Listening and attention skills are vital in building a child’s cognitive, behavioural and affective aspects. It is essential they develop this ability to interact and communicate with the world efficiently. One of many extremely complex tasks of parenting is to be able to strike a close to ideal balance of styles of listening and responding with the appropriate styles to a child’s varying needs. Many parents may think they are truly listening when all they are doing is pretend listening or at best selective listening but this is self-deception, designed to hide from themselves their laziness. Children themselves often like to drift in and out of communication.
Less than ten years of age, child’s propensity to talk is so great. The effort required to truly listen can be exhausting for a parent. And finally, it would be unbelievably boring because the fact of the matter is that the chatter of ten years old is generally boring. For true listening, no matter how brief, requires tremendous effort and total concentration. You cannot truly listen to anyone and do anything else at the same time. There are families in which the children are virtually not allowed to talk. “Children should be seen and not heard”. Such children may be seen, never interacting, silently staring at adults from the corner, MUTE ONLOOKERS FROM THE SHADOWS. Some permit their child’s chatter but simply not listen to it, so that your child is not interacting with you but is literally talking to thin air or to himself/herself.
Another type of parents pretend to listen, preceding along as best they can with what they are doing or with their train of thoughts while appearing to give the child their attention and occasionally making “unh huh” or “that’s nice” noises at more or less appropriate times.
Sometime parents do selective listening, where in they may pick up their ears if the child seems to be saying something important, hoping to separate the wheat from the chaff with a minimum effort. The problem with this way is that human mind’s capacity to filter selectively is not terribly competent or efficient, with the result that a fair amount of chaff is retained and a great deal of wheat lost.

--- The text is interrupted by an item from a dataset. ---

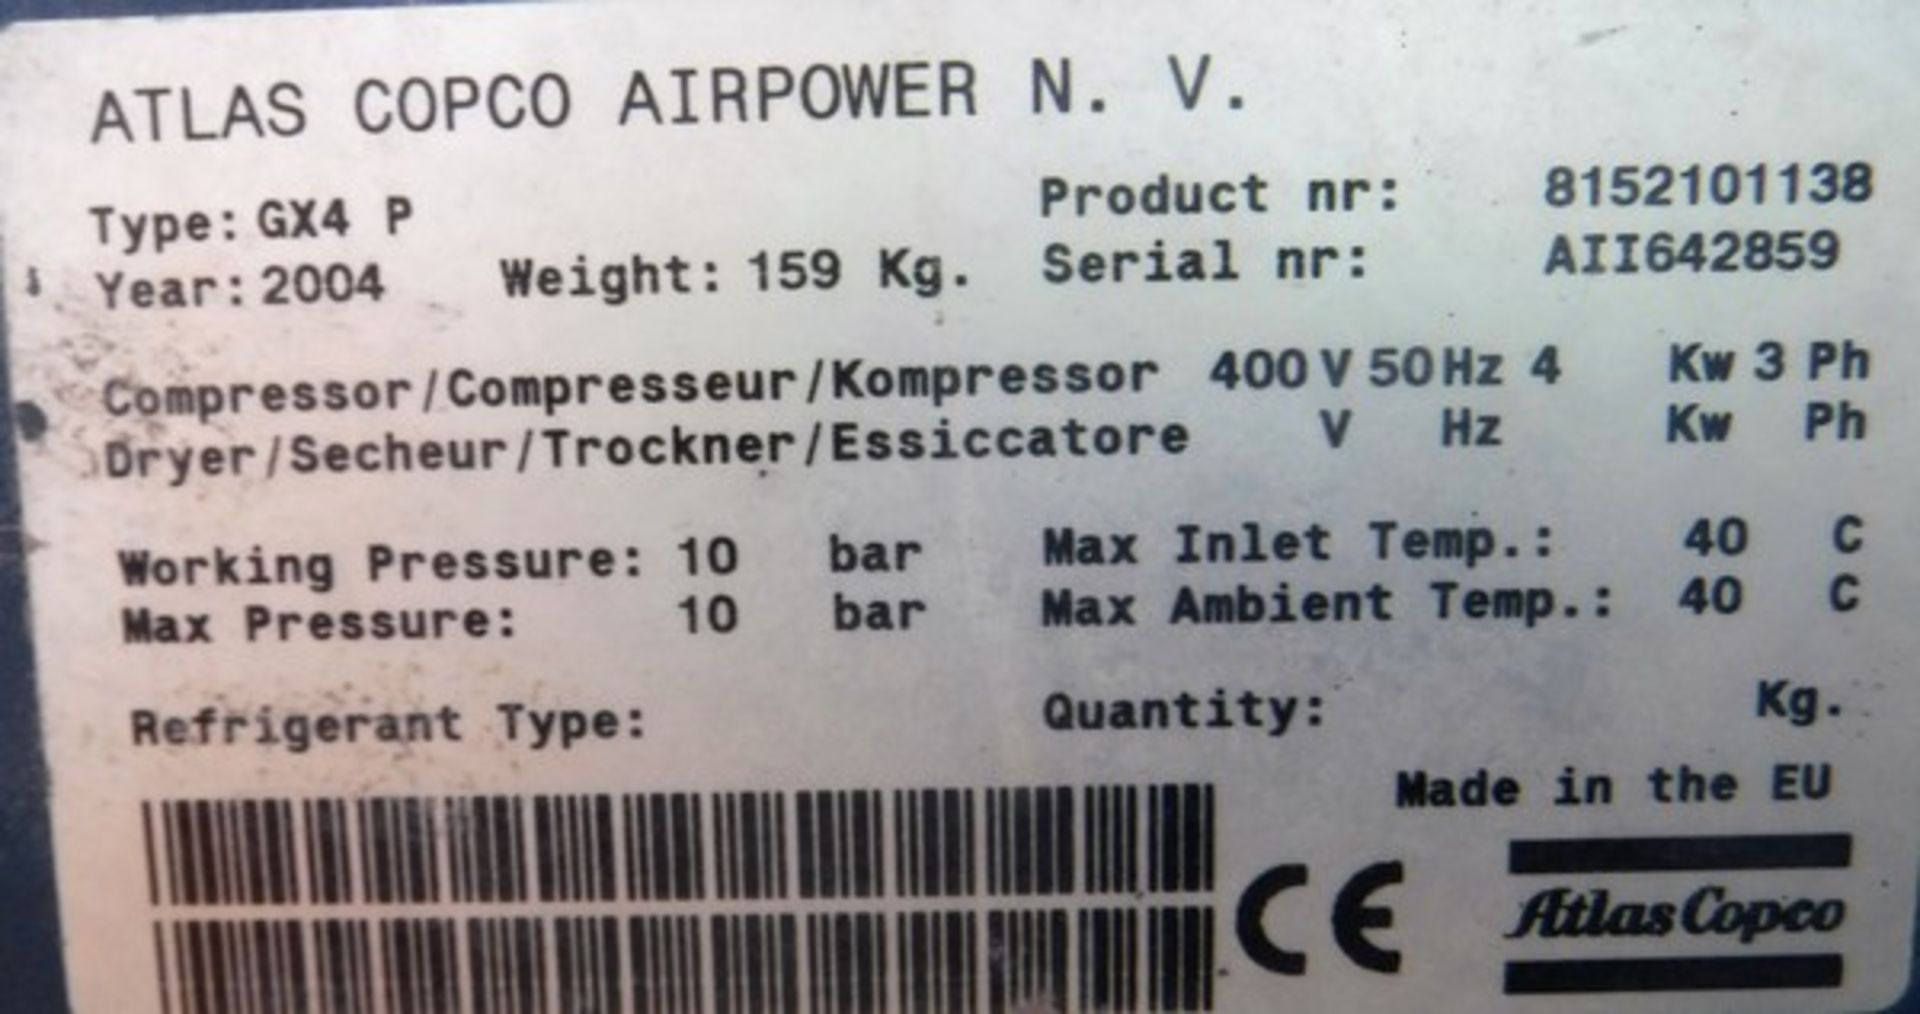 2004 ATLAS COPCO GX4 compressor s/n AII642859 - Image 2 of 4
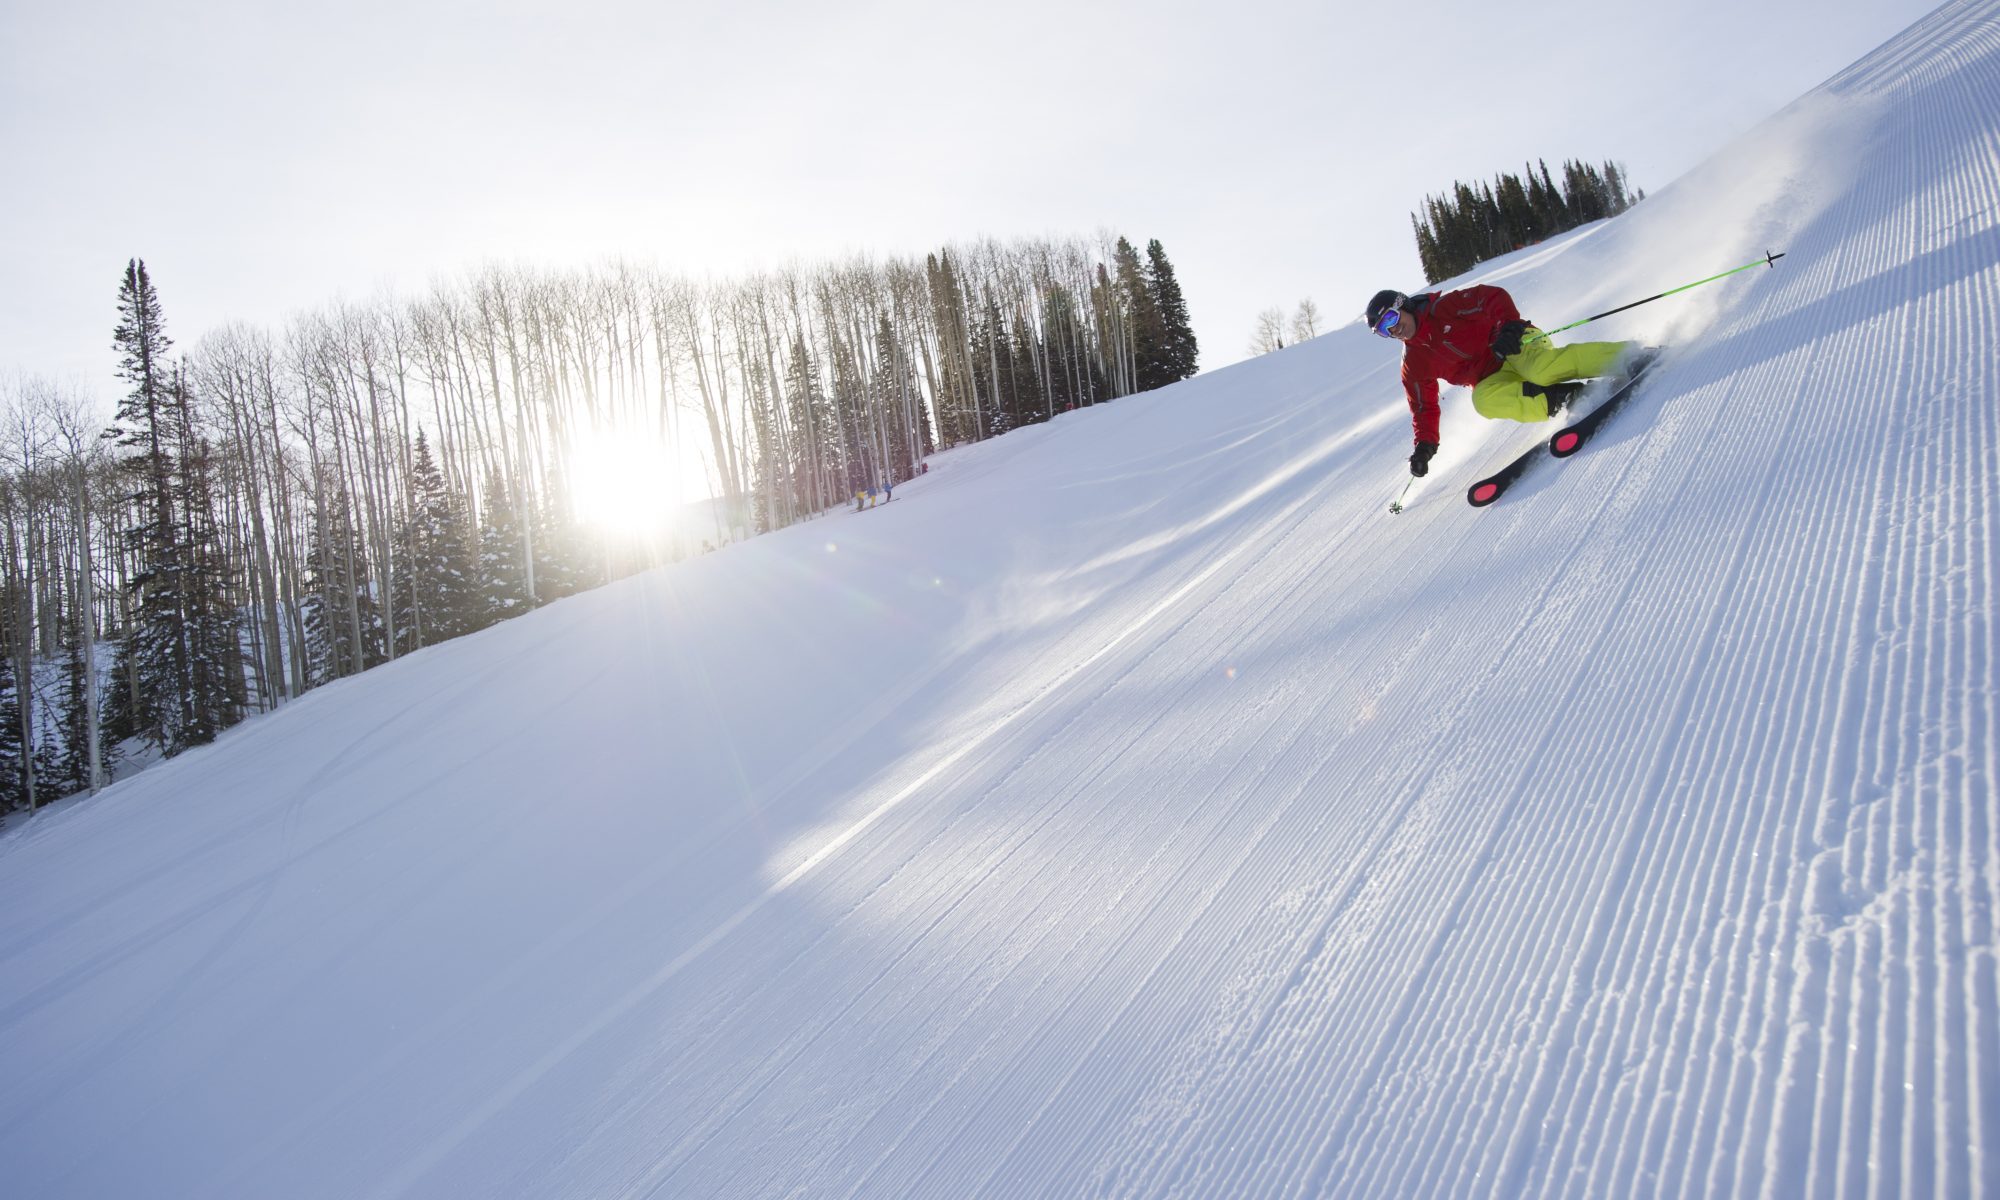 Matt Ross skiing at Aspen Resort, Aspen, Colorado. Aspen Snowmass. Aspen Snowmass Adds Another Bonus Weekend for Skiing and Riding.

Truly listening means giving your child full and complete attention, weighing each word and understanding each sentence. It is always recommended to parents that they should always truly listen to their children.
For children below ten years a balance of pretend, truly and selective listening is suggested. Sometimes children just want to interact with parents, just because they can’t talk to themselves, then their need can be quiet adequately met by pretend listening. At times what children want from interactions not communication but simply closeness and pretend listening will satisfy to provide them with the sense of “being with” that they want.
In other words, it is dull to listen to young children and truly listening at this age is real labour of love. If you give your child the same esteem you would give to your favourite task, then the child will know him or herself to be valued and therefore will feel valuable. Value creates value. There is no better and ultimately no other way to teach your children that they are valuable people than by valuing them. The more you listen to your child, the more you’ll realize that in amongst the pauses, the stuttering, the innocent chatter, your child does indeed have valuable things to say.
The dictum that great wisdom comes from “the mouths of babies” is recognised as an absolute fact by anyone who truly listen to children.